Set these parameters:
- RPC Endpoint: https://testnet.deepsquare.run/rpc
- WS Endpoint: https://testnet.deepsquare.run/ws
- Smart-Contract Address: see GitHub Releases.
If you are unfamiliar with Web3, the endpoints serve to interact with the smart-contracts, and the address is the identifier of an immutable software stored on the Blockchain.

To link the supervisor to the sbatch service, you should set the endpoint to: sbatch.deepsquare.run:443. The sbatch service uses encrypted gRPC traffic to exchange Job Definition. It is also secured by a Web3 Key Exchange, meaning, it is impossible to read the job of someone if you are not authorized.

To link the supervisor to the SLURM login, you should:

Set the address to the SLURM login.
Set the adminUser to slurm.
Set a generated SSH private key (ssh-keygen -t ed25519 -C supervisor).
Select a SLURM Partition. Check the examples.

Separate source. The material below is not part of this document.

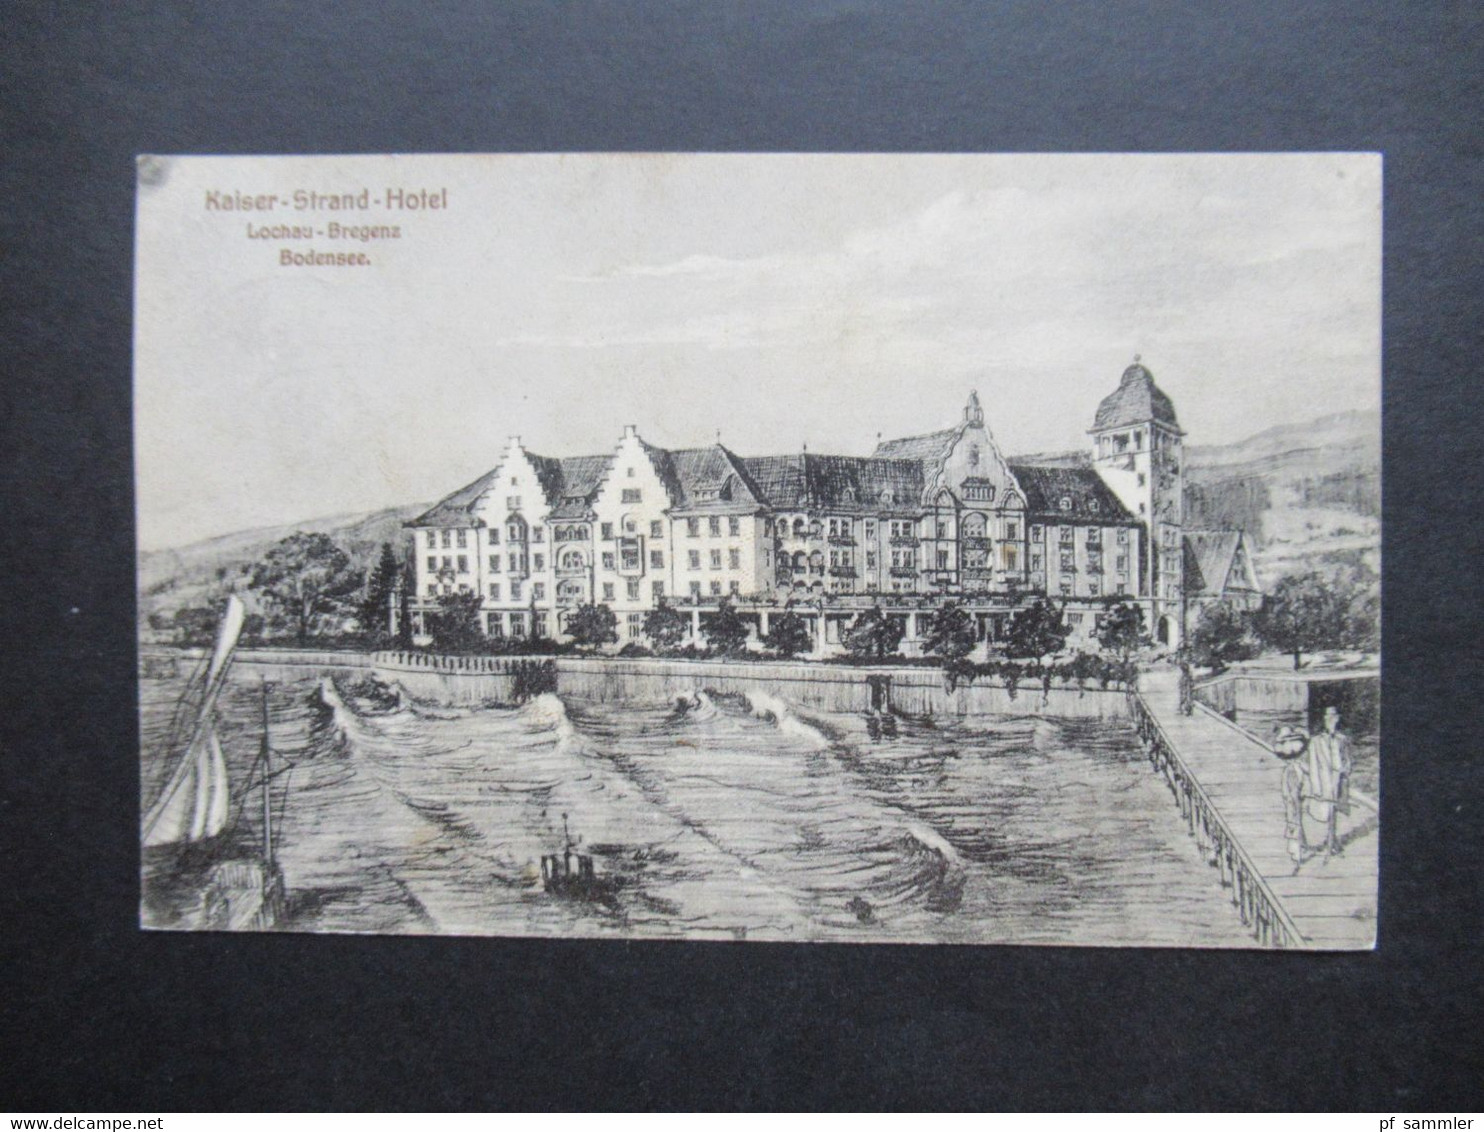 Österreich 1909 AK Kaiser Strand Hotel In Lochau Bregenz Am Bodensee. Strandhotel Mit Promenade - Hotels & Gaststätten

The supervisor will expose a public key over gRPC. This public key can be fetched by using the provider-ssh-authorized-keys utility (source code).

The Behavior

The normal behavior:

Upon starting the supervisor, the supervisor will health check SLURM.
After that, the supervisor will launch benchmarks.
The results are sent to the meta-scheduler. The cluster is now waiting for approval. This process is done manually. Please contact DeepSquare's administrators to join the DeepSquare Grid.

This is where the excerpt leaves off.